Anton Ambroziak, 16 agosto 2020  (Per gentile concessione di Anton Ambroziak)

Anton Ambroziak è un astro nascente del giornalismo polacco. Nel 2018 i suoi articoli sulle ingiustizie sociali gli hanno permesso di vincere un premio di Amnesty international. Oltre a occuparsi di scuola, ha seguito l’evoluzione del femminismo polacco, le disuguaglianze economiche e gli scandali giudiziari del paese. Un suo articolo recente svela il progetto di costruire una baraccopoli di prefabbricati alla periferia di Varsavia dove mandare gli “abitanti problematici” della città.

Ambroziak, però, non è solo questo: è anche uno dei primi personaggi pubblici transgender della Polonia. Quando parla di sé usa i pronomi maschili e si definisce non binario. In un’intervista del luglio 2018 a Vogue Polonia ha raccontato la sua transizione, confessando le proprie paure e le speranze per le persone come lui. Oggi però preferirebbe essere riconosciuto più per il suo lavoro da giornalista che per la sua identità queer. “Ho già raccontato la mia storia”, sottolinea. “Se devo essere onesto non l’ho fatto nella speranza di far cambiare idea alla gente.

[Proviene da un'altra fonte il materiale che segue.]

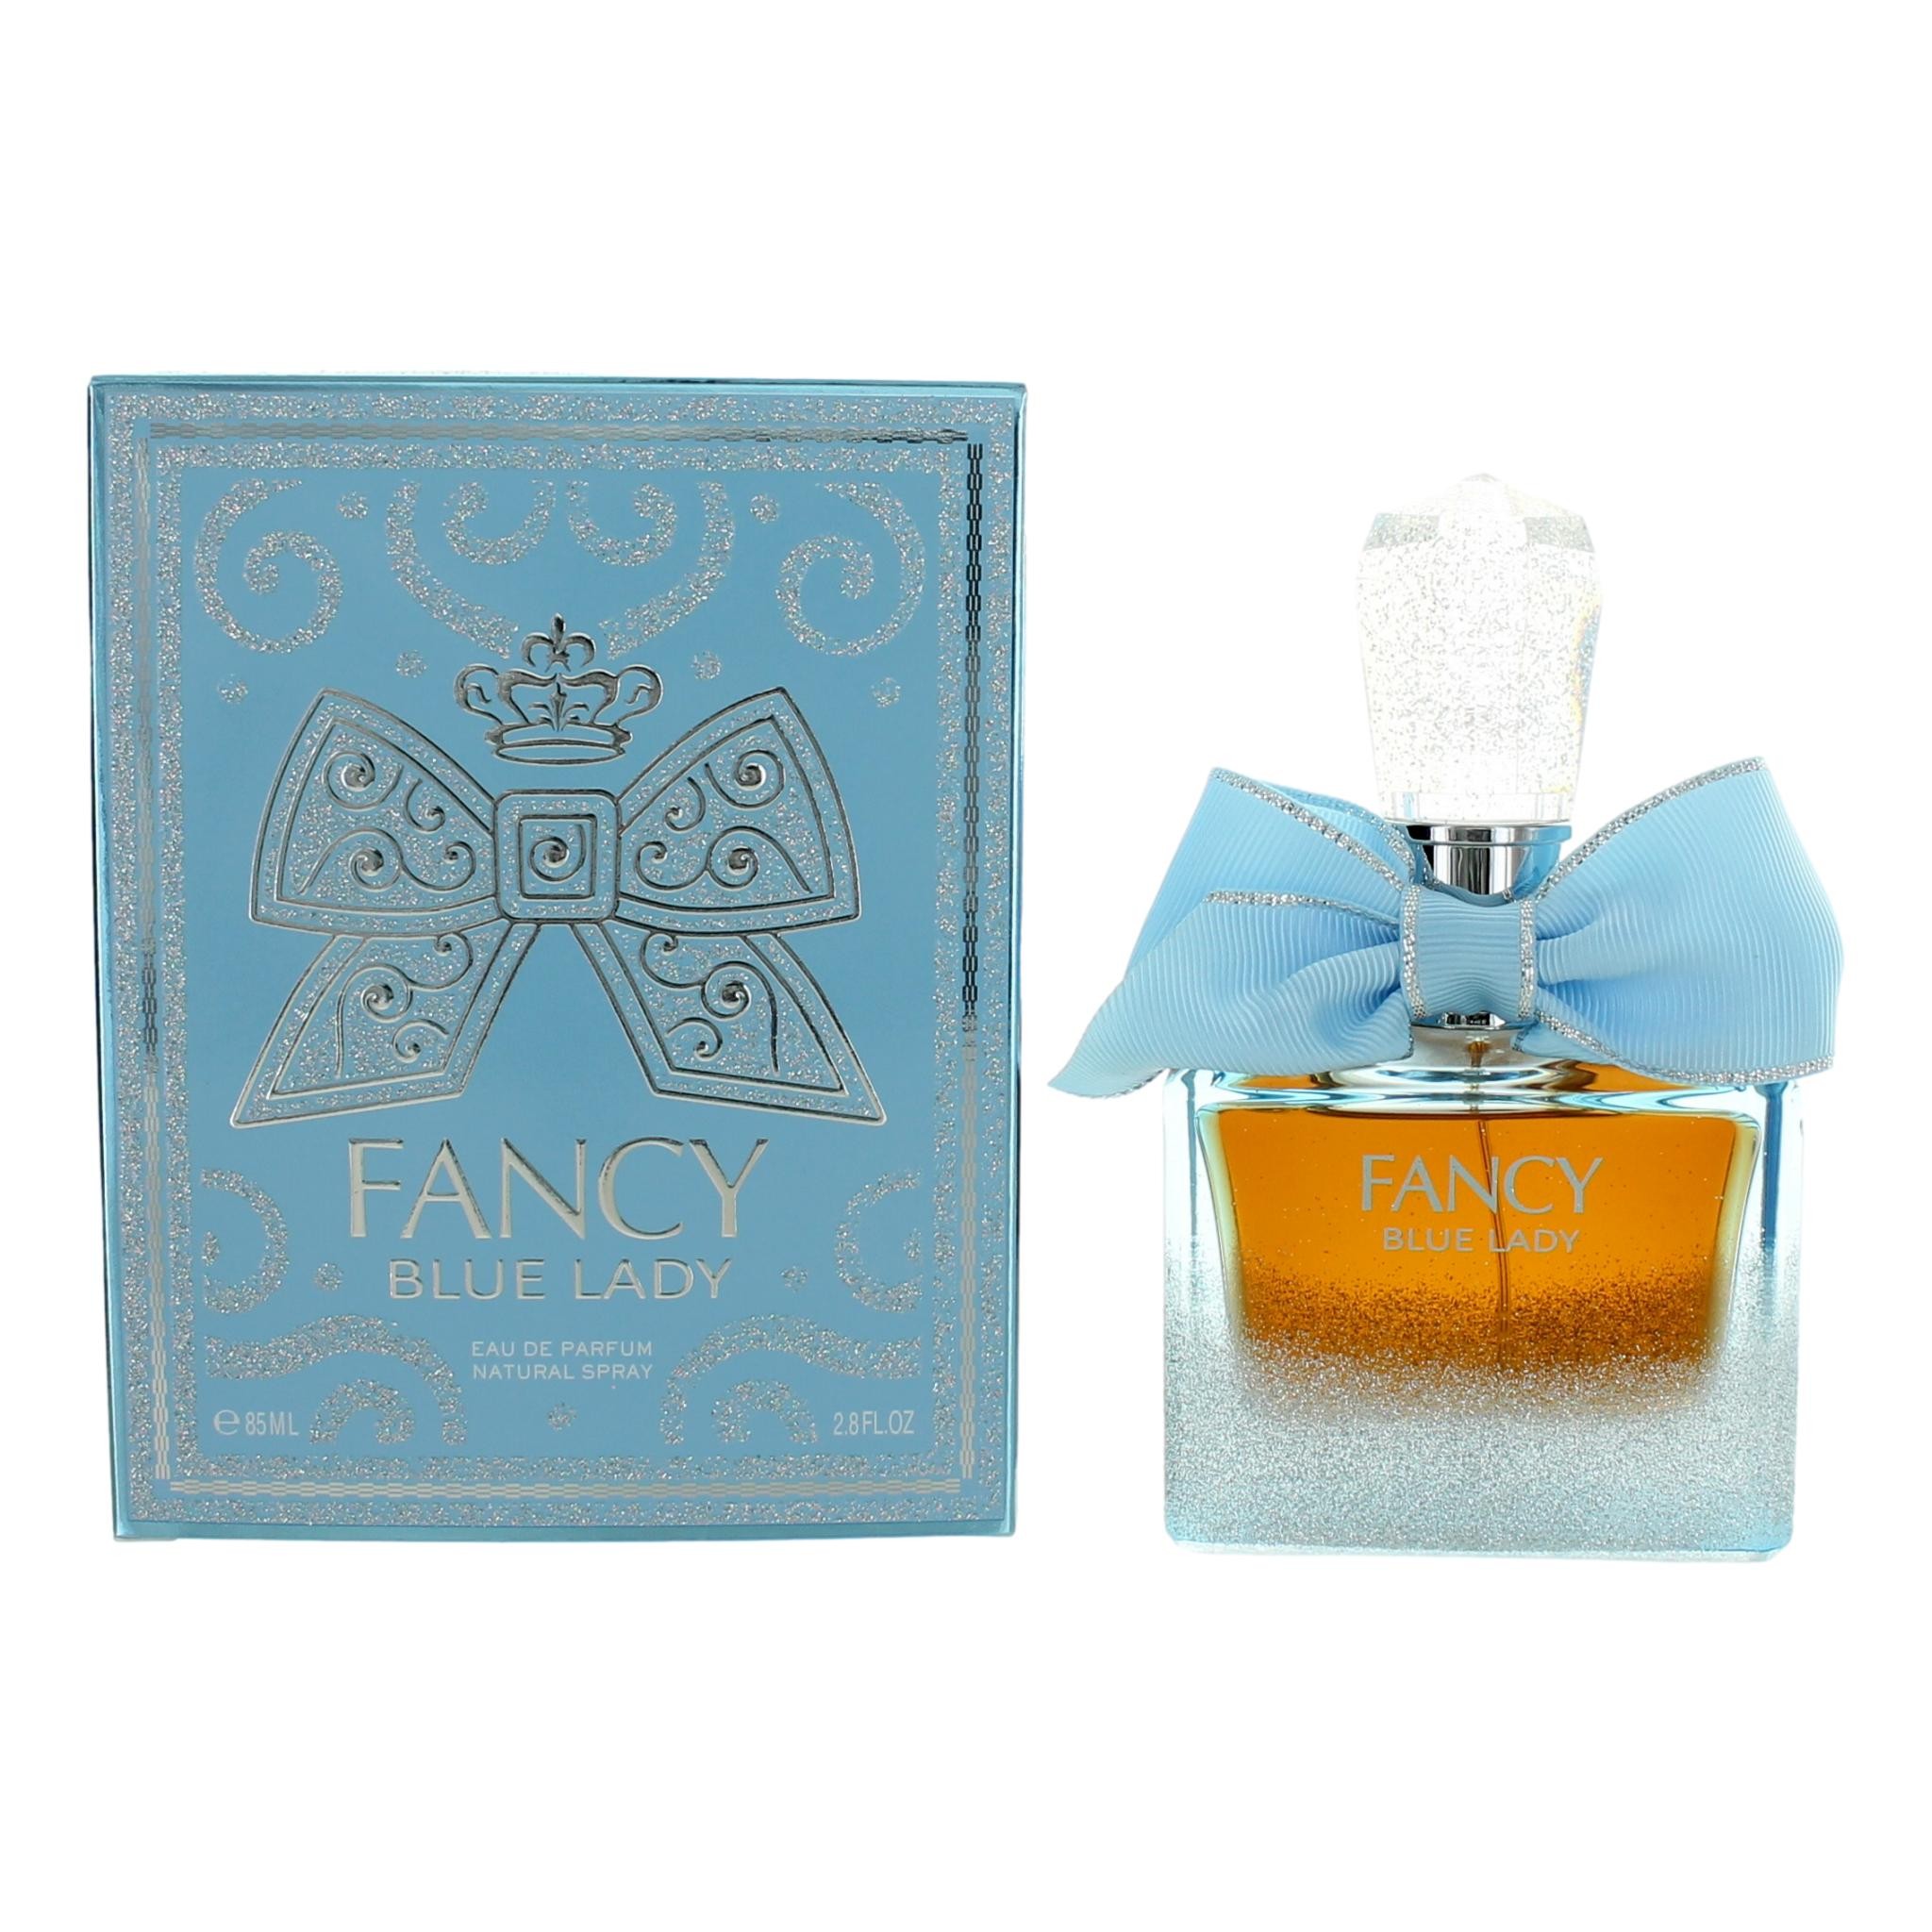 Fancy Blue Lady by Johan. b 2.8 oz Eau De Parfum Spray for Women

L’ho fatto per il bene delle altre persone trans. Volevo che sentissero di non essere sole, di avere uno spazio all’interno del dibattito pubblico”.

La paura di Ambroziak è condivisa da molte persone della comunità trans che lavorano nel mondo delle arti in Polonia: non vogliono che sia considerato l’unico portavoce della loro comunità. Trovare un equilibrio è difficile. “Non voglio restare zitto sulle questioni che riguardano i diritti. E sono disposto a mettere in contatto i miei colleghi giornalisti con le persone trans che vogliono condividere la loro storia. Ma, personalmente, preferirei stare dall’altra parte della barricata: fare domande, ascoltare, indirizzare la conversazione. Voglio che il mio lavoro parli per sé”. Ambroziak cerca di analizzare i problemi dei giovani polacchi lgbt, dalla mancanza di aiuto psicologico alla campagna repressiva orchestrata dal governo. A settembre del 2020, dopo che un terzo dei comuni polacchi si era dichiarato “zona libera dall’ideologia lgbt”, i diplomatici di cinquanta paesi stranieri hanno invitato il governo guidato dal partito di destra Diritto e giustizia (Pis) a rispettare i diritti delle minoranze. A giugno dello stesso anno Przemysław Czarnek, ministro dell’istruzione e deputato di Diritto e giustizia, aveva dichiarato alla tv di stato che era “il momento di smettere di ascoltare tutte le fesserie sui diritti umani”, e che i polacchi che rifiutano l’eteronormatività non sono “uguali alle persone normali”.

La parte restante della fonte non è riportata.